- STORED DATA -

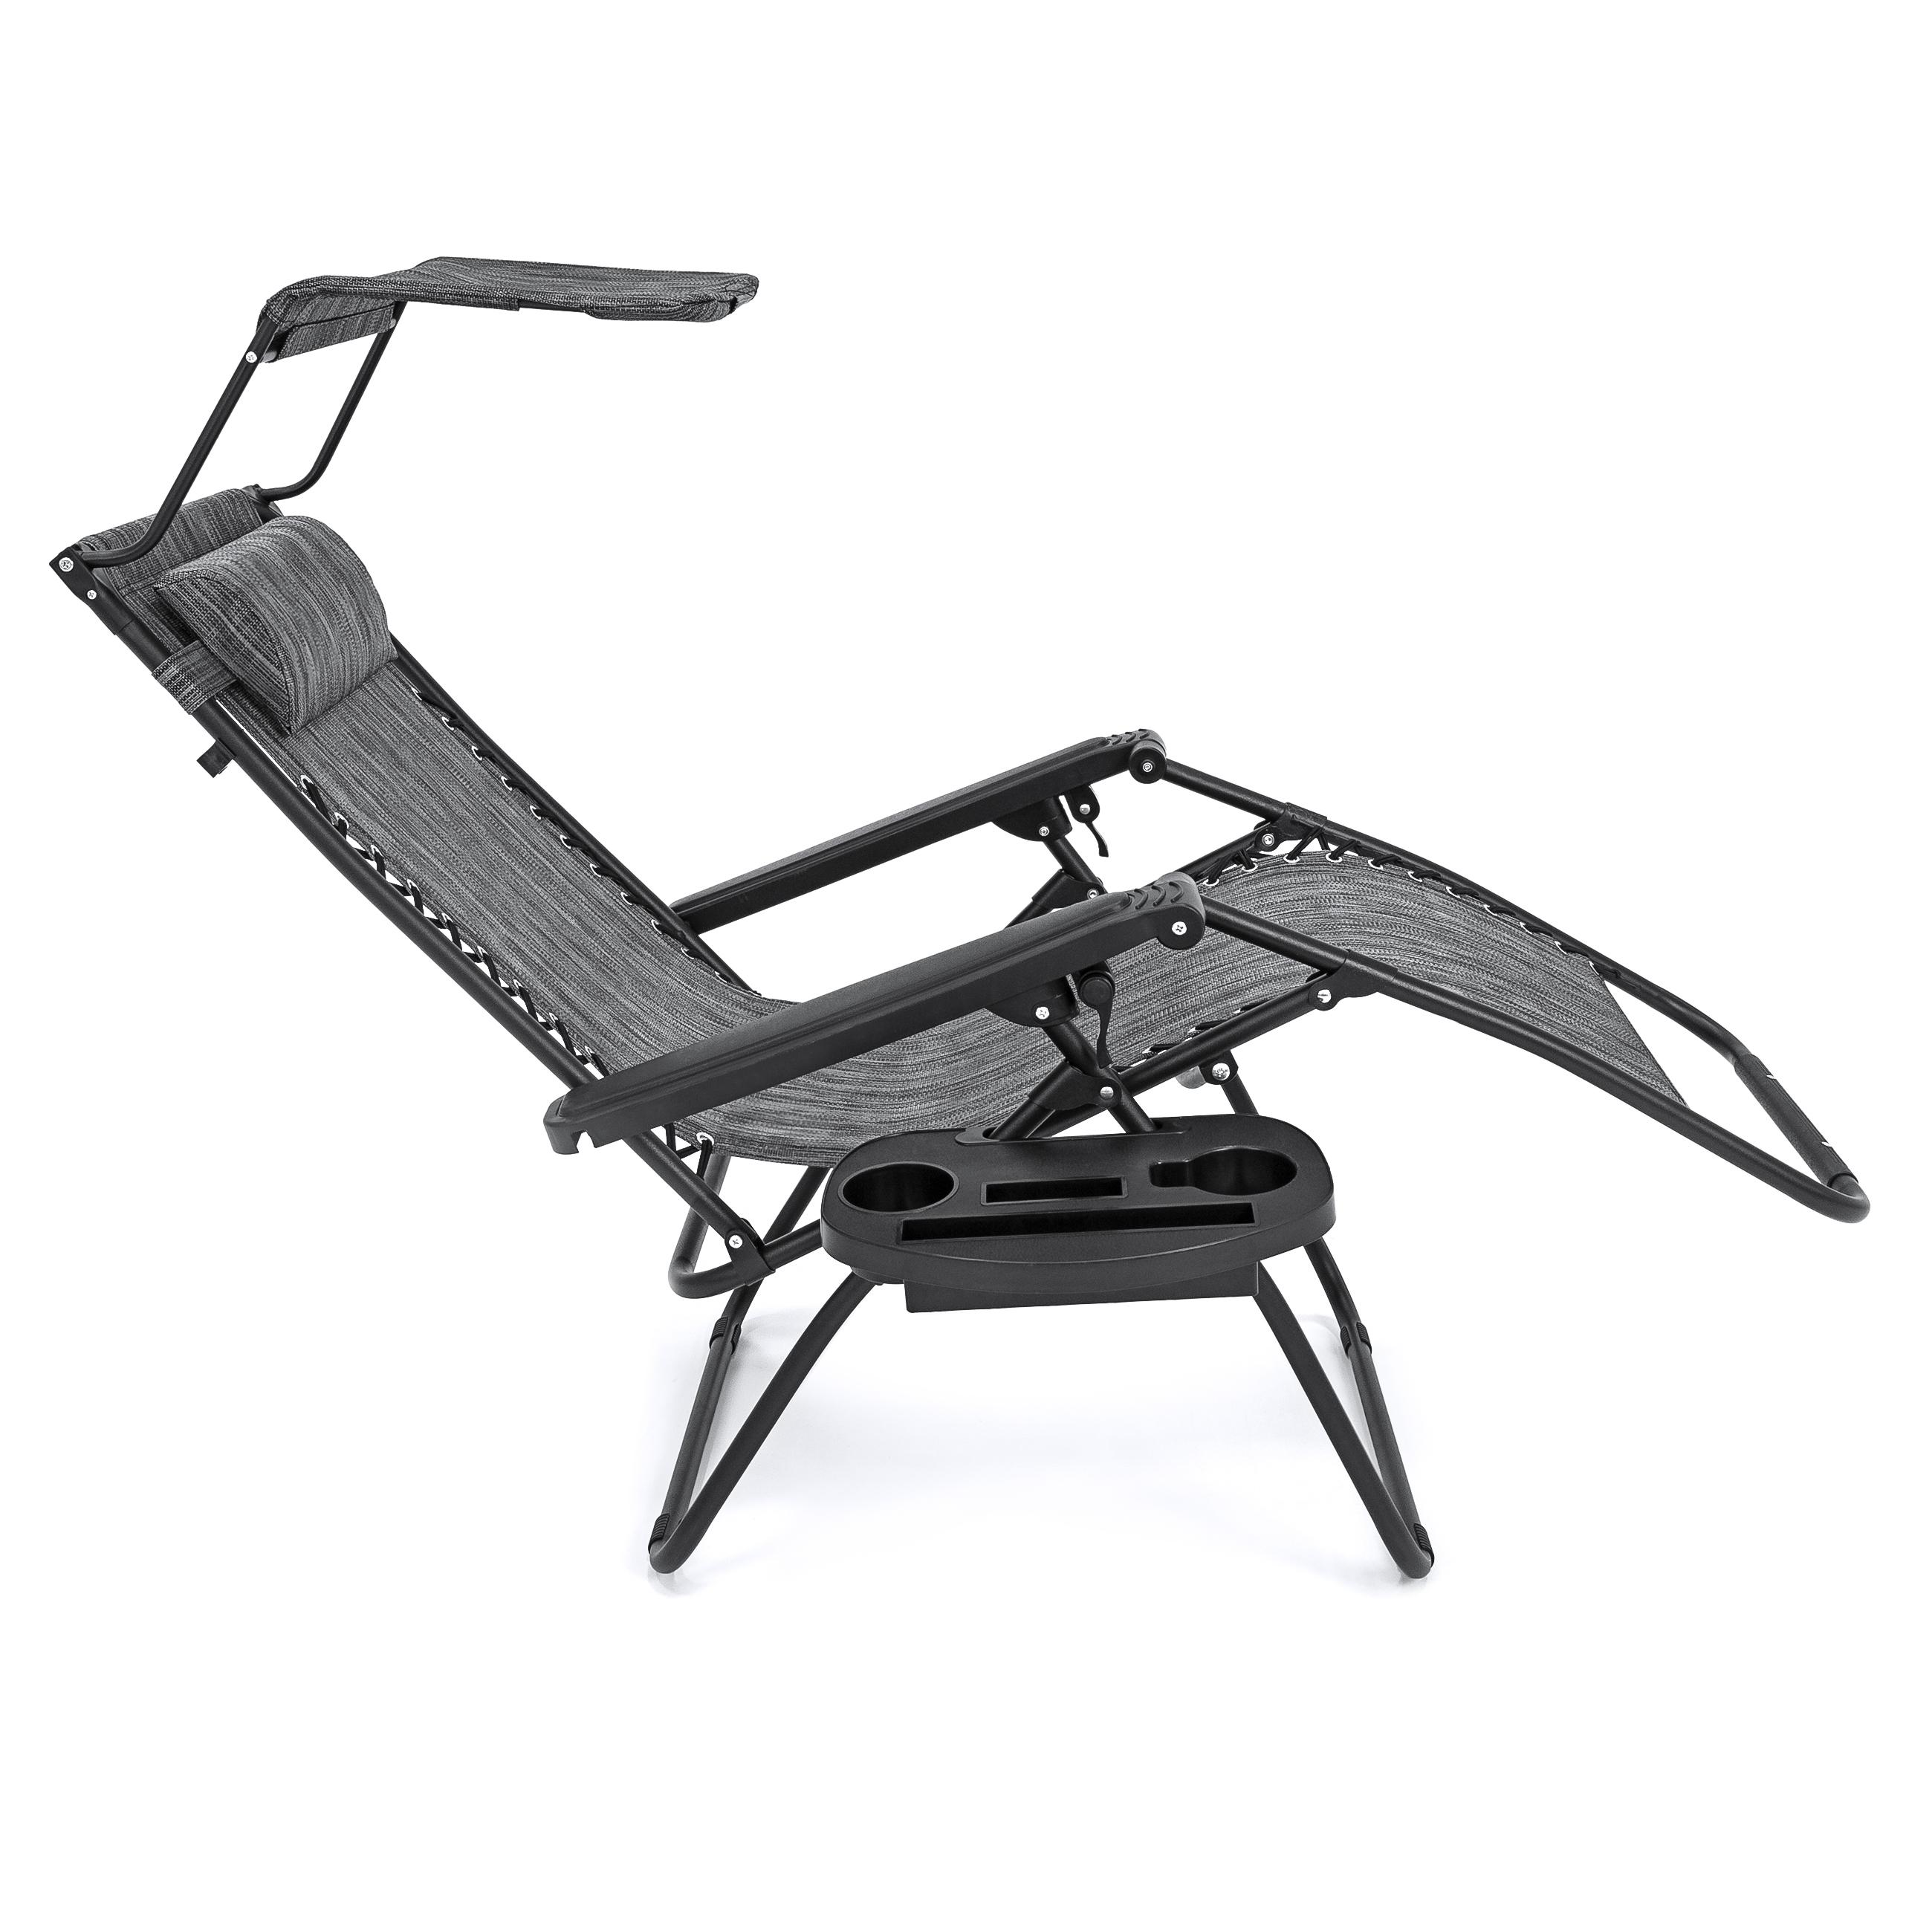 Folding Zero Gravity Recliner Lounge Chair Canopy Shade
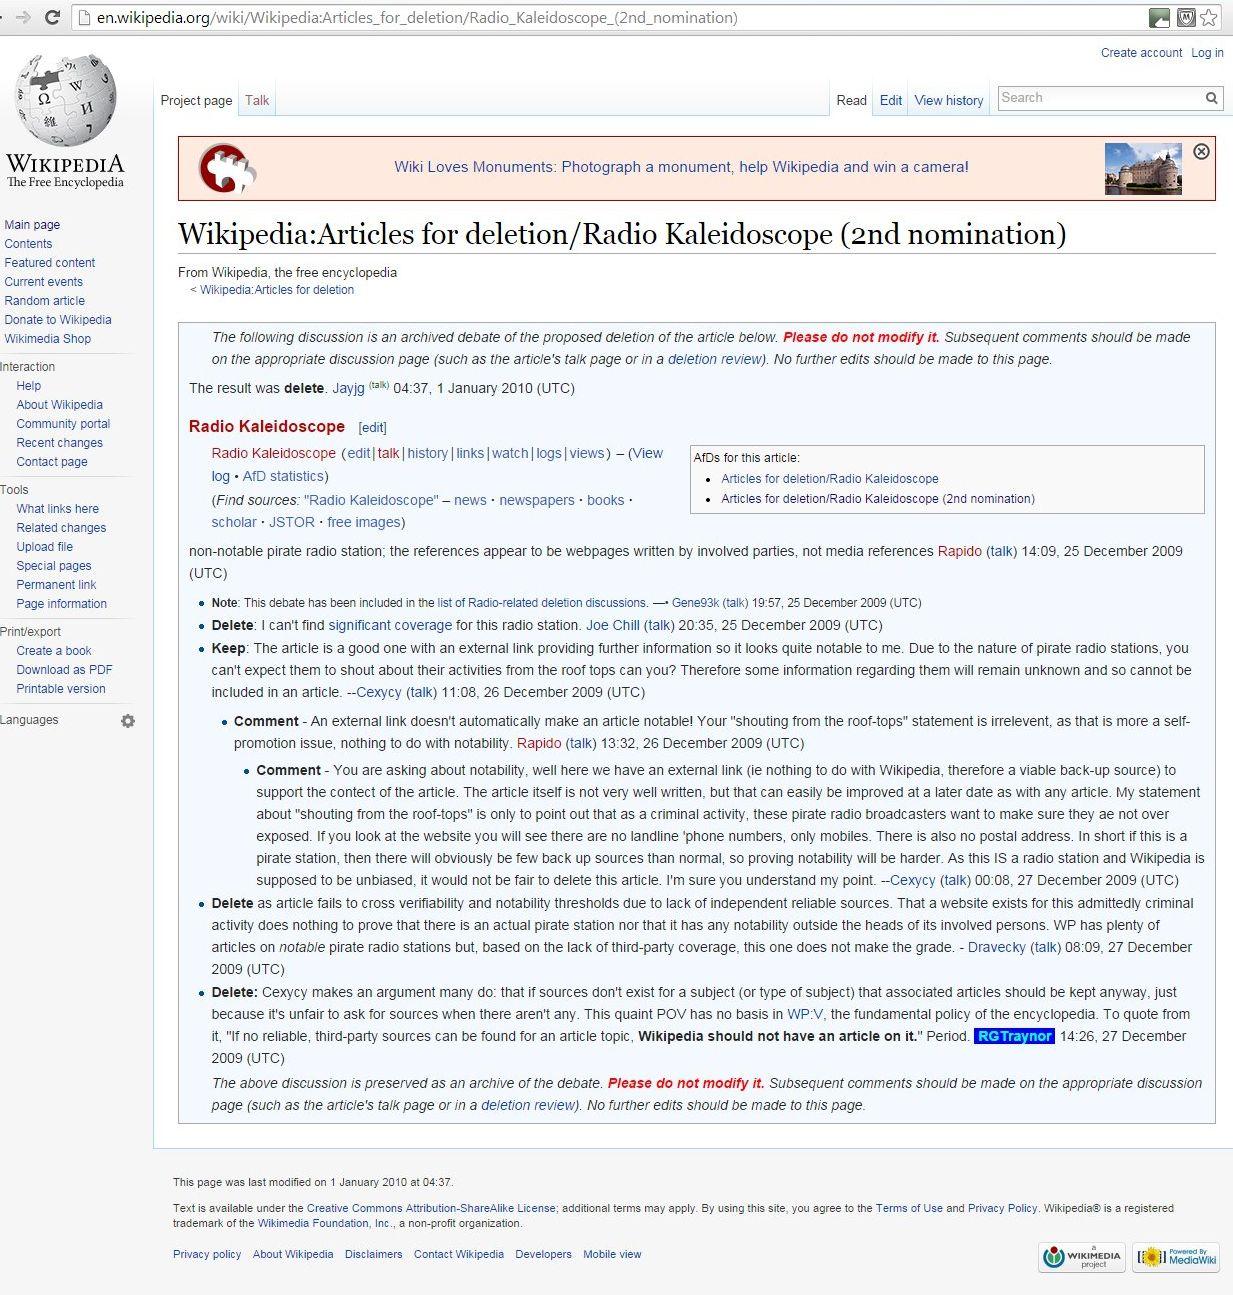 Radio Kaleidoscope wiki deletion article
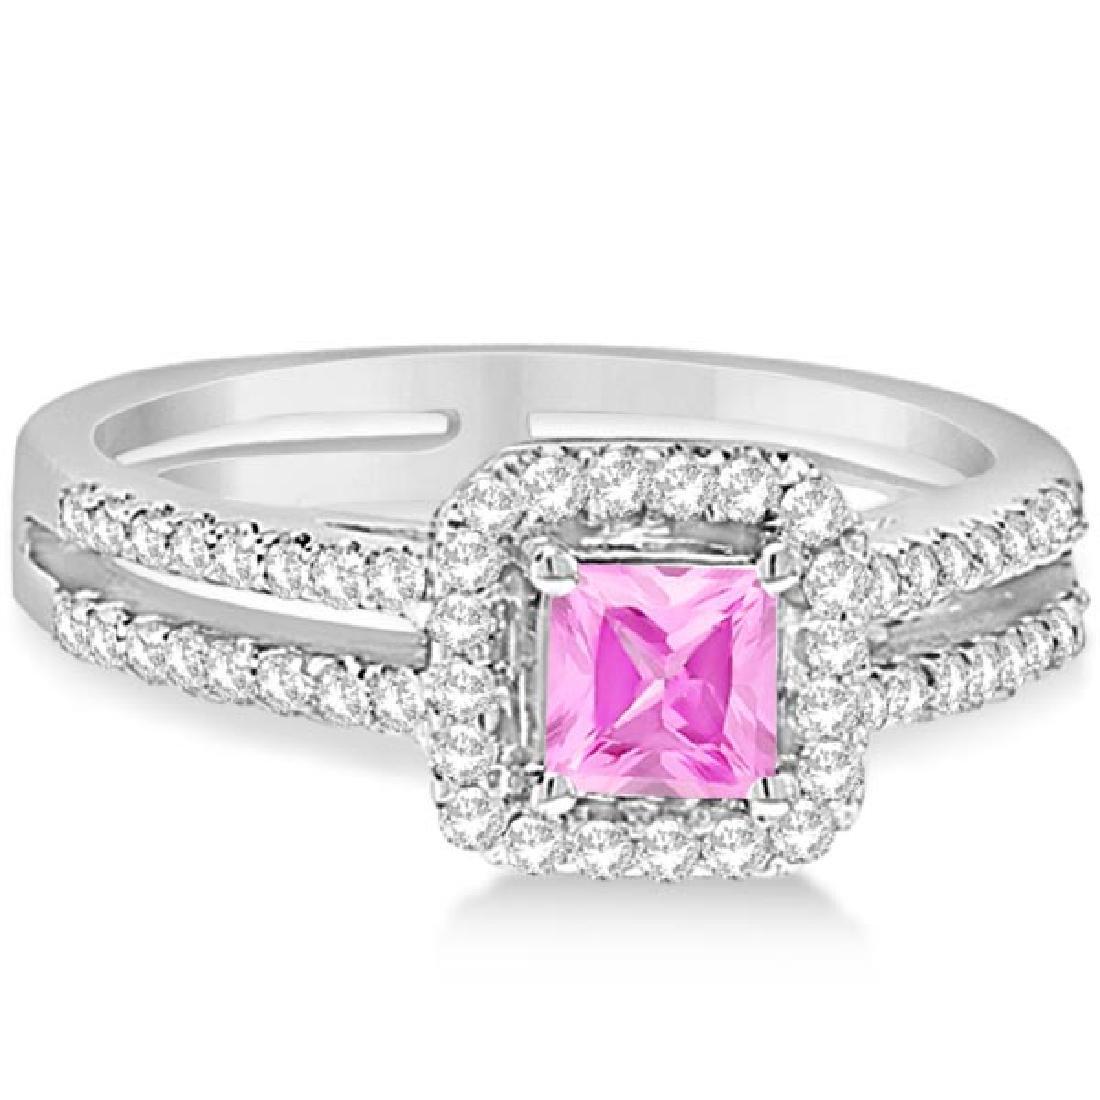 Enhanced Pink Diamond Engagement Ring Split Shank 18K W

- WHAT TO DO -
Give back the full listing exactly, with pictures dropped.

- WRITTEN RESPONSE -
 Folding Zero Gravity Recliner Lounge Chair Canopy Shade
 Radio Kaleidoscope wiki deletion article
 Enhanced Pink Diamond Engagement Ring Split Shank 18K W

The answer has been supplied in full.